Final project for CS50 Python 2022

Primary LanguagePython

Y Chrom Database & Compare

Description: This is a program designed to extract data (Y Chromosome marker patterns) from tables in .docx files, and save the information as .csv file. Then, the user can input a Y Chromosome pattern and the program checks if it matches any pattern in the .csv file created.
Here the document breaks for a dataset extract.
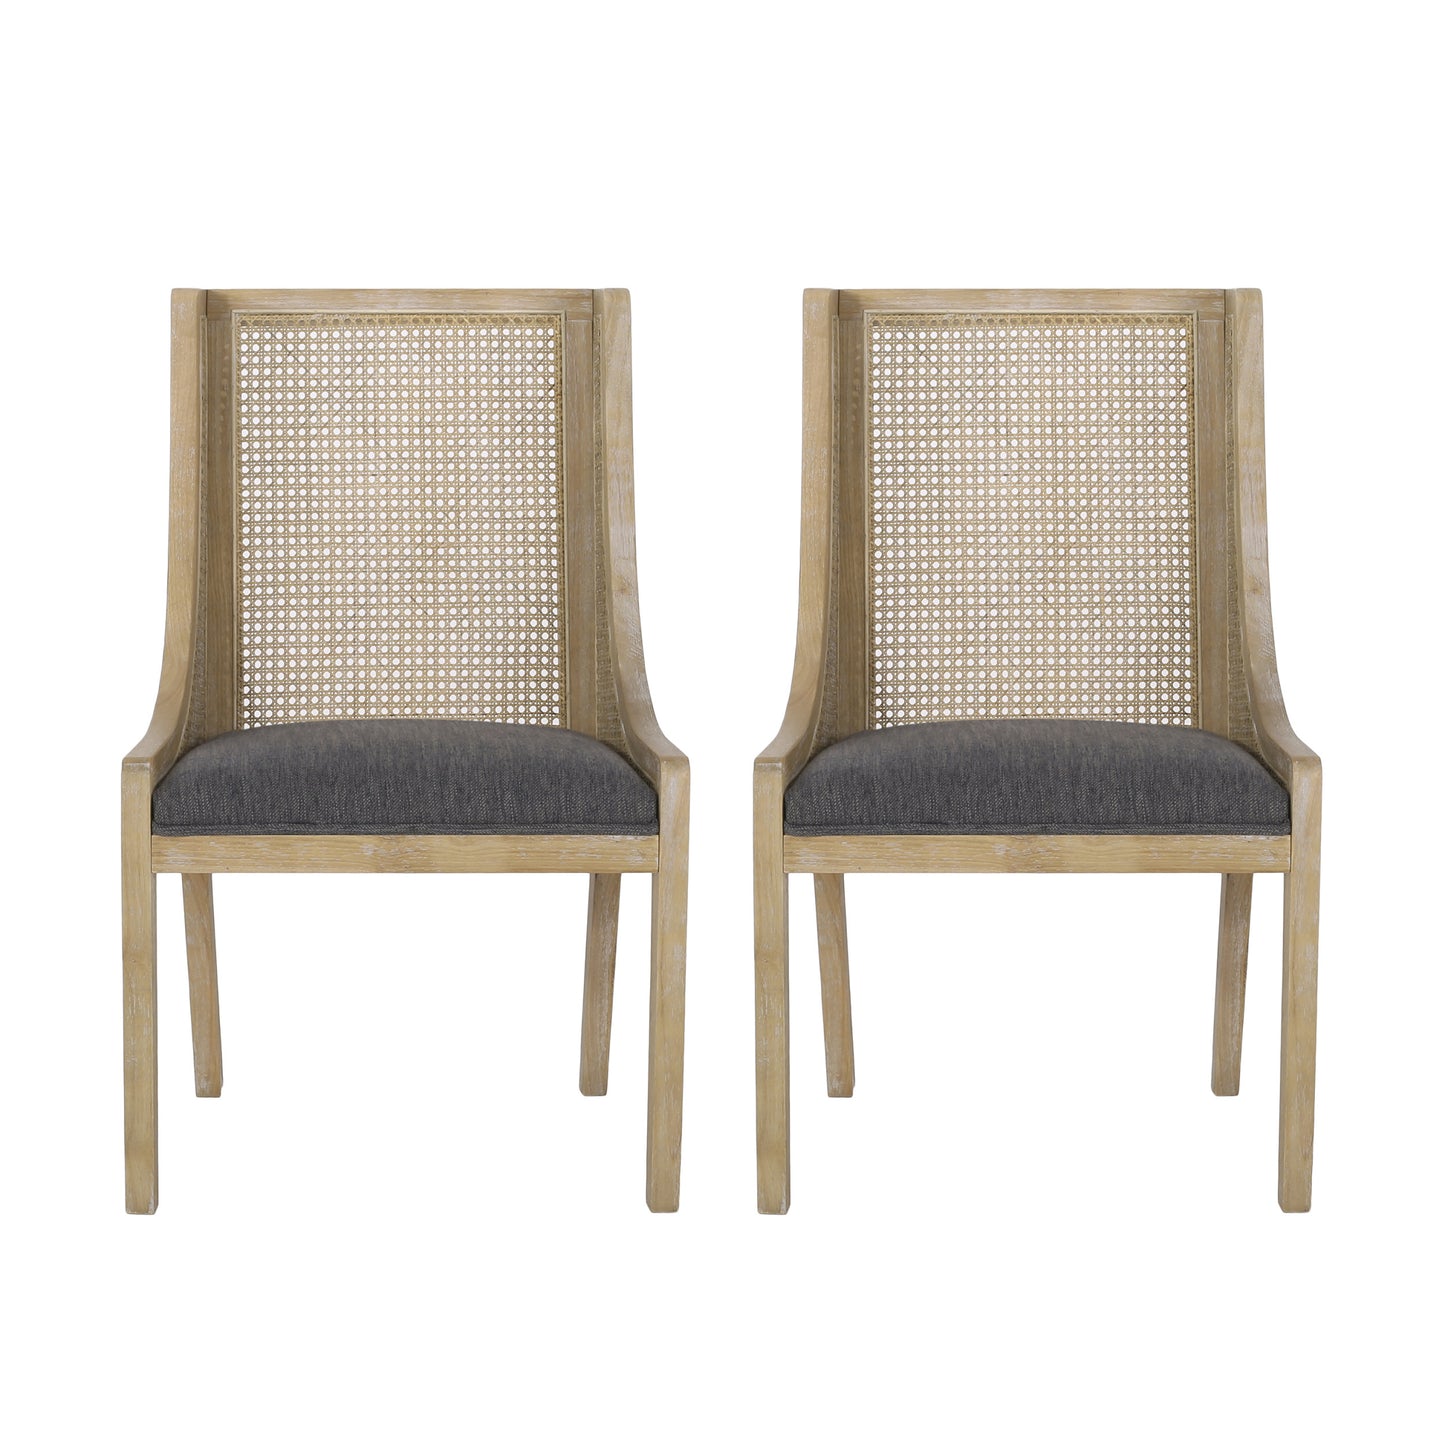 Wendell Rustic Cane and Wood Upholstered Dining Chairs, Set of 2

In a future version of this project, the .csv file can be used to create a database to manage the data.


Technologies used:

  • Python
  • PySimpleGUI for user interface

Program Workflow

  1. Data is extracted from tables in .docx files and saved as .csv files.
  2. The user can input Y Chromosome pattern for comparison.
  3. The program checks if the input pattern matches any pattern in the .csv file.

Considerations:

I made this program thinking in a real life case we had at my former job. To be able to extract the data from the tables in .docx file, I needed to consider how the data was presented in such tables.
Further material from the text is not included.